– А теперь есть?
– Ну, я толком не знаю, но за ней ФСКН наблюдал. Помнишь, может,
в Новочеке[1] в СИЗО пронесли крупную партию дерьмого героина и от
него там пара человек откинулась?
Вероника кивает.
– Так вот, там тогда скандал был, вертухаев повязали, что
передачку приняли, там ещё из медблока кто-то замешан был. Но того,
кто передал, так и не нашли. Вроде как женщина какая-то, паспорт
липовый оказался. В общем, дело тёмное.
– И там же умер сын Вавилова, правильно?
– Верно. А старший Вавилов знал, кто передачку сделал. Подружка
сына его, Никитина. Она, кстати, в сознанке полной. Видать, в шоке
была, что мы её от Вавилова спасли, вот и призналась.
– А Вавилов старший, значит, ей за сына мстил.
– Ну, да! Прикинь, два дела, разом, считай раскрыли.
– Слушай, а он её прям убивать шёл или просто телесные
повреждения нанести?
– Ну, в покушении на убийство не признался, но он её душил и
топил. Как бы Никитина говорит, что убивал, а тот на телесных
средней тяжести настаивает. Ну, настаивал, пока жив был.
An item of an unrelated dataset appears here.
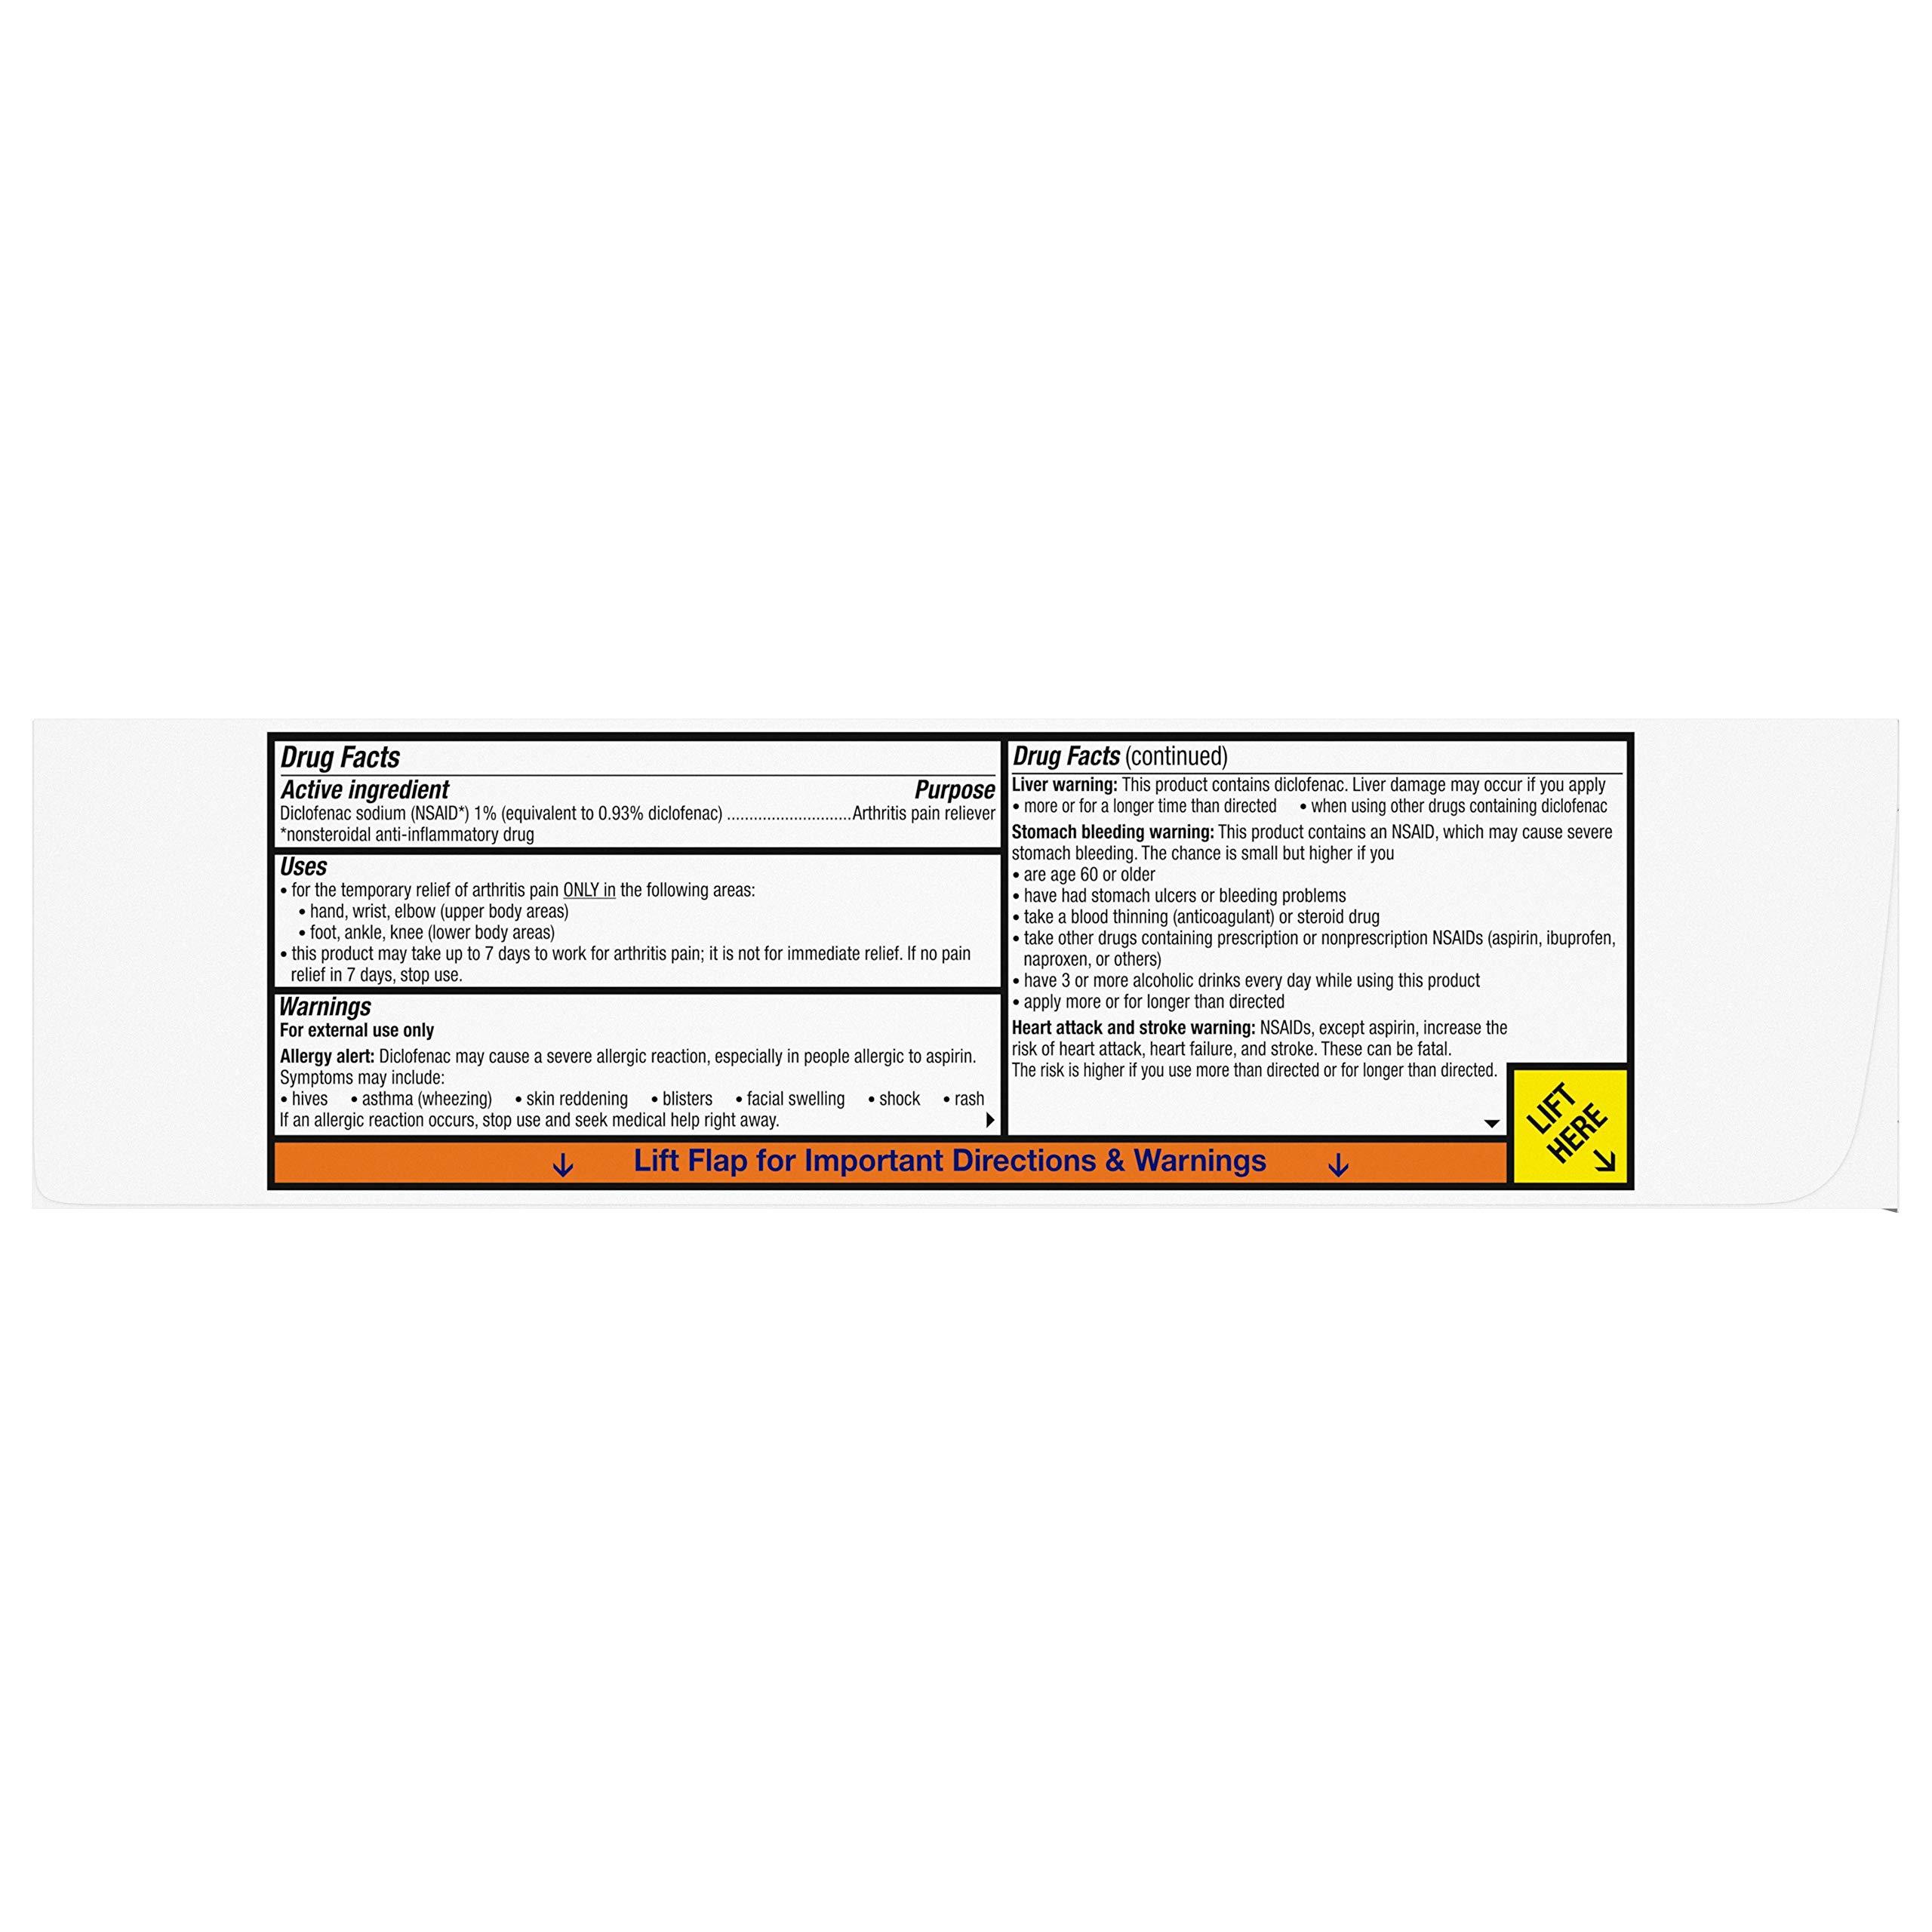 Voltaren Topical Arthritis Pain Relief Gel - 5.29 Ounce Tube (Pack of 2), 5.29 Ounce

– Мне просто знать надо, что в рапорте писать. Если умысел на
убийство был, тут как бы и мотив есть, и следы на потерпевшей.
Следы же есть?
– Есть, есть, там синяки на шее, и просто побои, разукрасил он
её конкретно.
– Тогда я это дело заберу себе, возбужусь по сто пятой и сразу
дело раскрою. А вот наркомановское дело себе бери, там уж ФСКН
решайте. А по потеряшке есть что?
– Вообще никакой связи, – Васильев отрицательно мотает головой.
– Погоди, а рапорт-то зачем? Убийства-то не было. У тебя своё дело,
а тут у нас сто двенадцатая так удачно…
– Знаешь, что, удачно у него! У тебя ещё один труп, не забывай.
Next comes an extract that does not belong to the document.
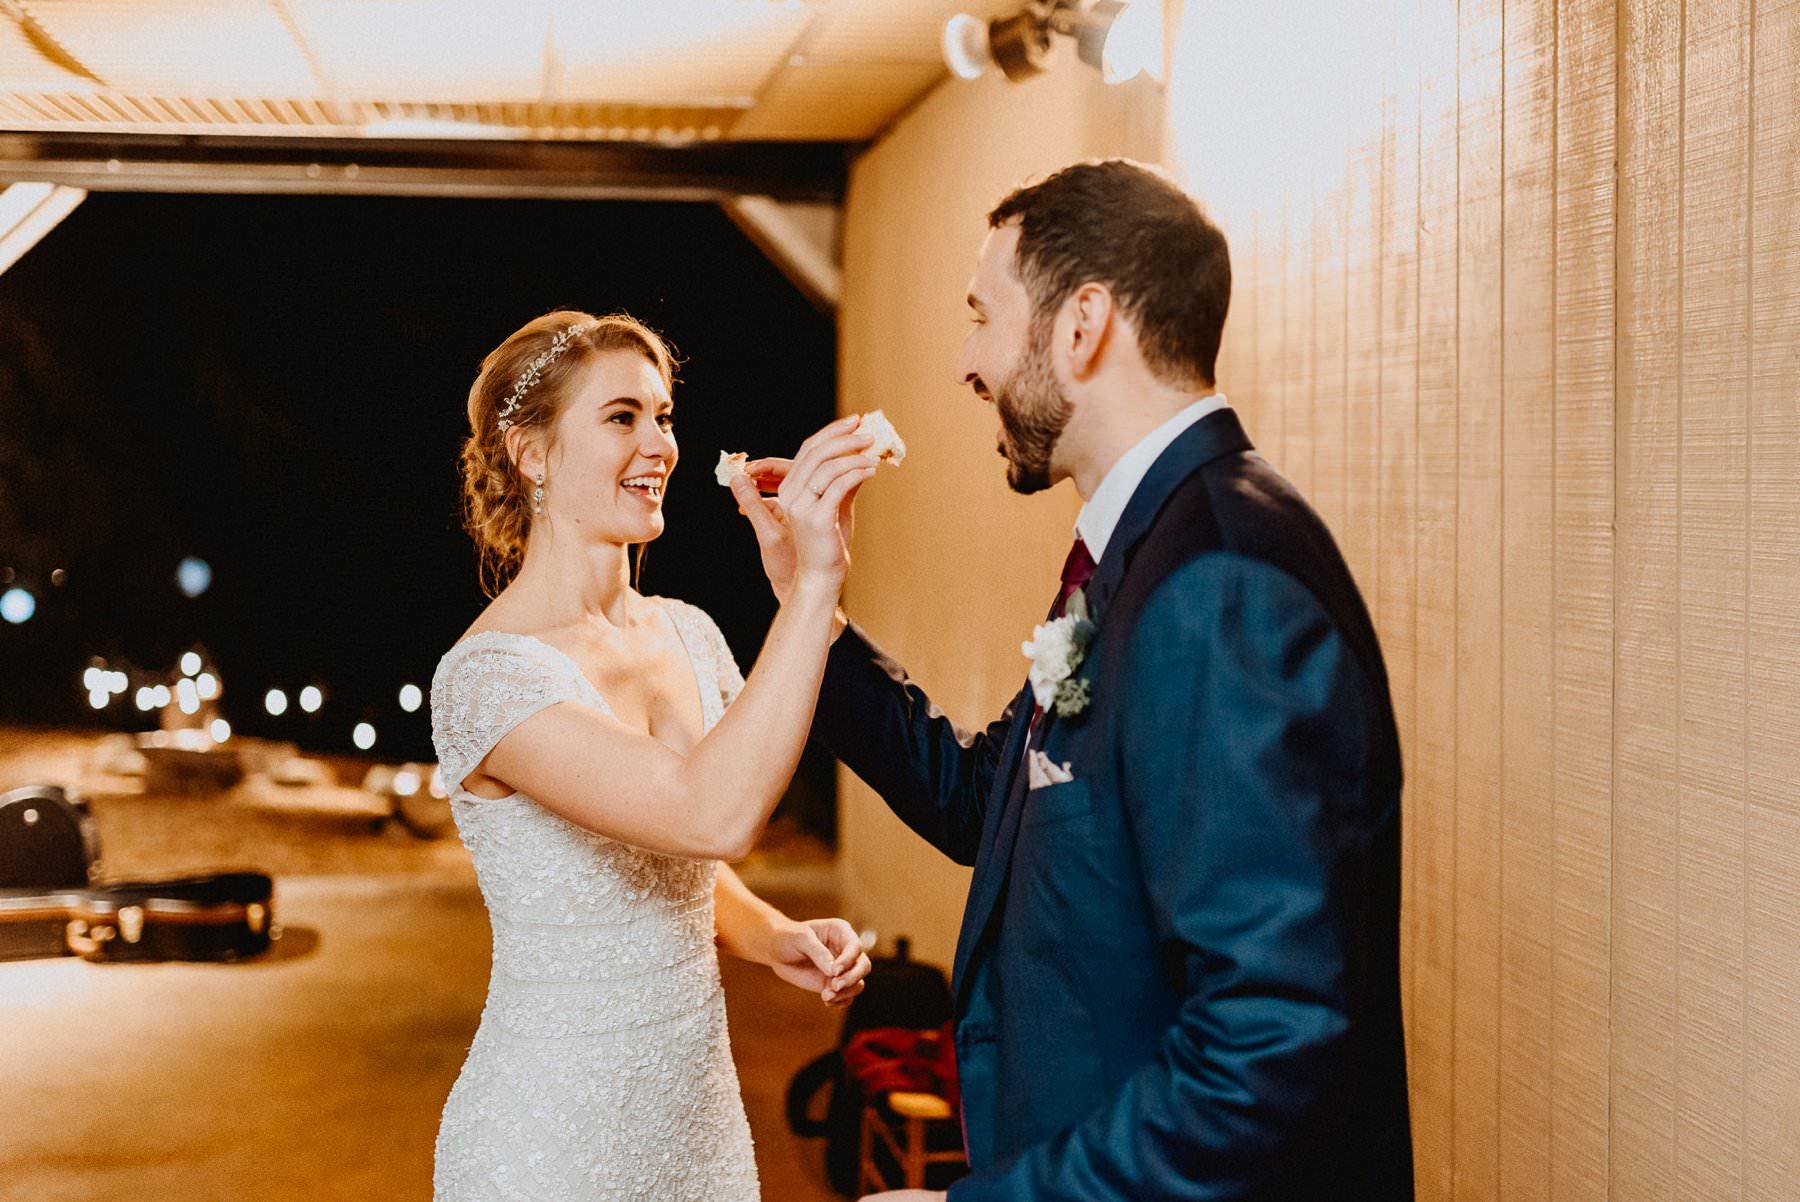 John_James_Audubon_Center_wedding-79.jpg

И если хочешь, чтобы я в рапорте не указывала, что вы задержанного
избили, отдавай мне покушение.
– Кась, ты чего? – Васильев нервно дёргается. – Ты реально на
меня можешь превышение повесить, что ли?
– А ты как думал? – Кассицкая улыбается. – Отдаёшь сто пятую и
расходимся.
Опер поджимает губы, нервно сглатывает.
– Ладно, пошли смотреть труп.
Вероника выходит из кабинета первой. Ей и без провожатого
известно, где находятся камеры временного содержания. Её здесь тоже
знает. Дежурный молча открывает дверь перед ней.
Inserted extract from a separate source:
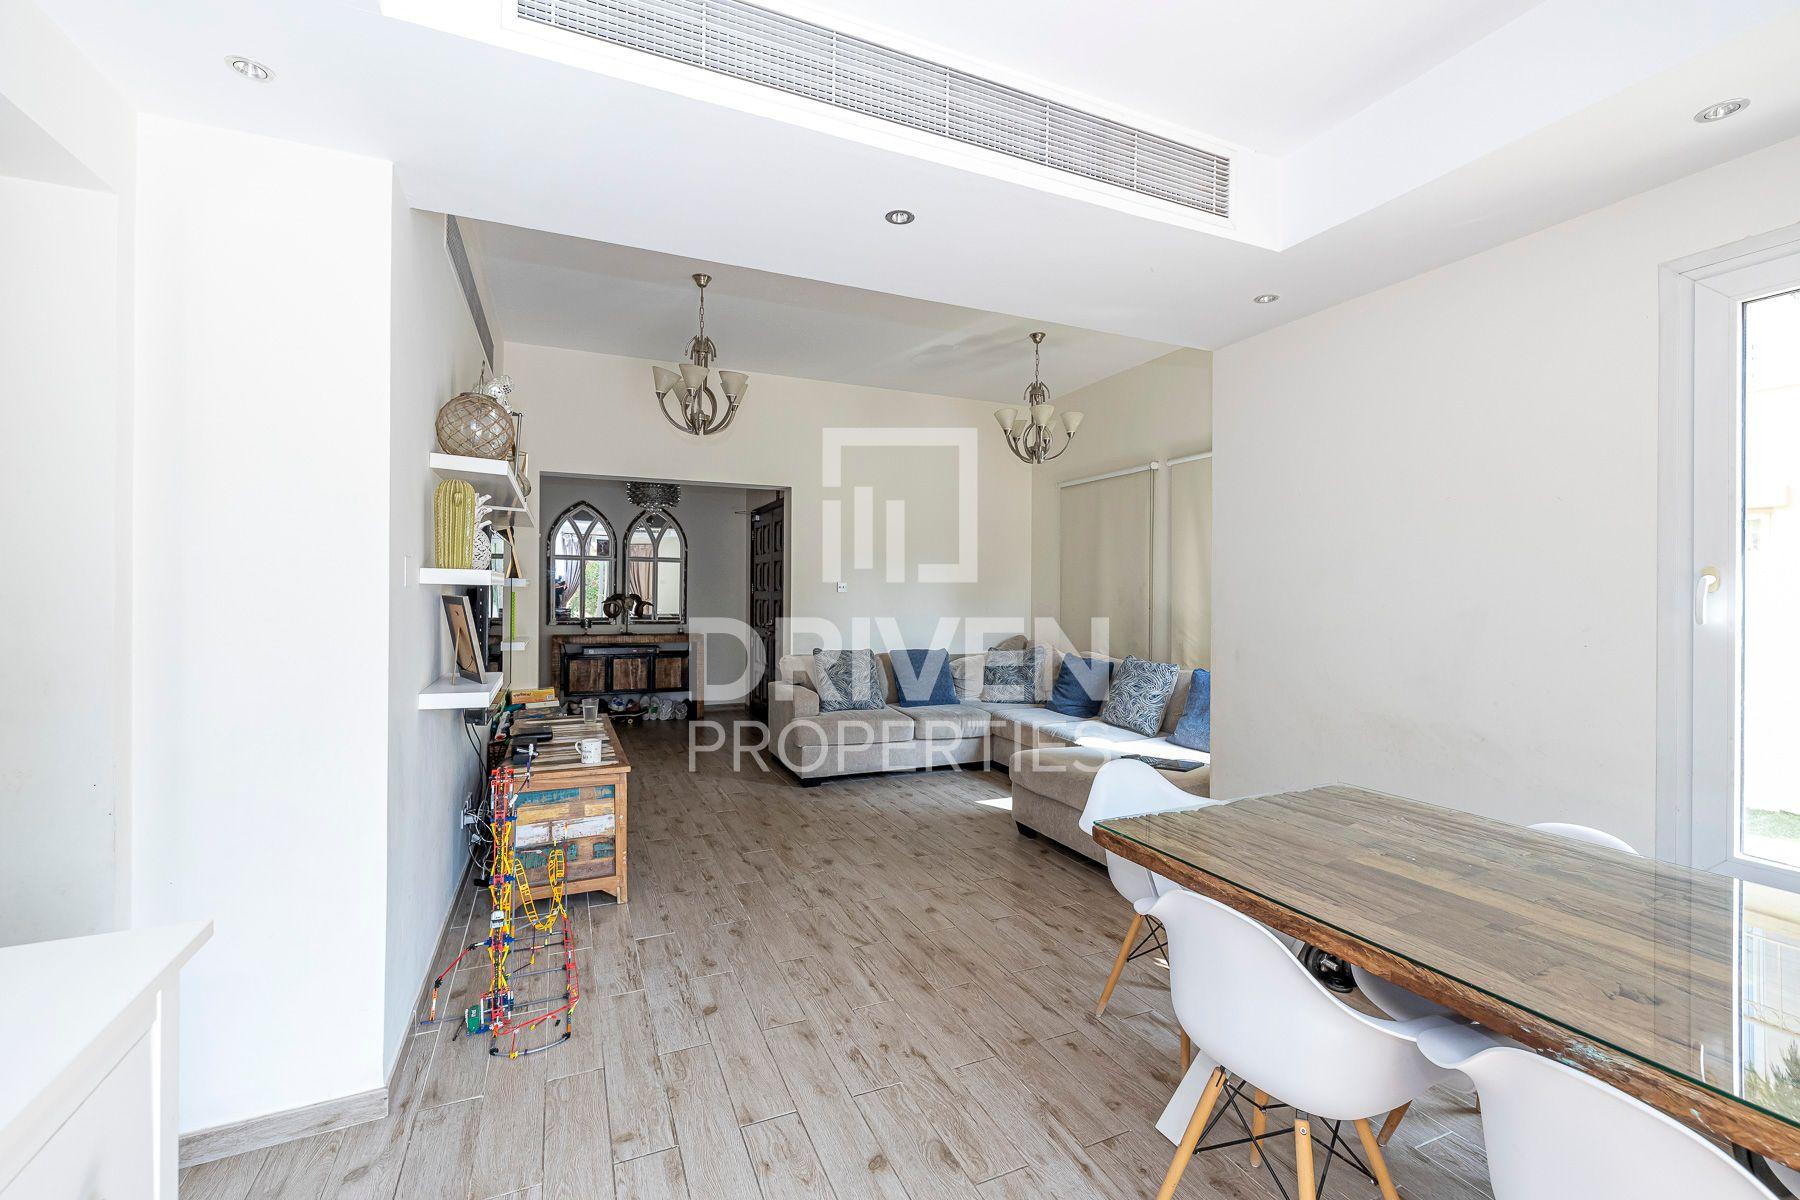 Villa for Sale in Springs 10 - The Springs

В камере только один человек. Мёртвый. Тело лежит на полу, одна
нога согнута в колене, неестественно вывернута, вторая выпрямлена.
Руки согнуты в локтях, прижаты к груди. Кисти рук повёрнуты к телу.
На запястьях видны синеватые следы от наручников. Голова
запрокинута назад, глаза открыты, на лице гримаса боли, на губах
виднеются остатки розовой пены. Лицо в ссадинах, не представляющих
опасности для жизни. Выраженное посинение носогубного треугольника
и губ.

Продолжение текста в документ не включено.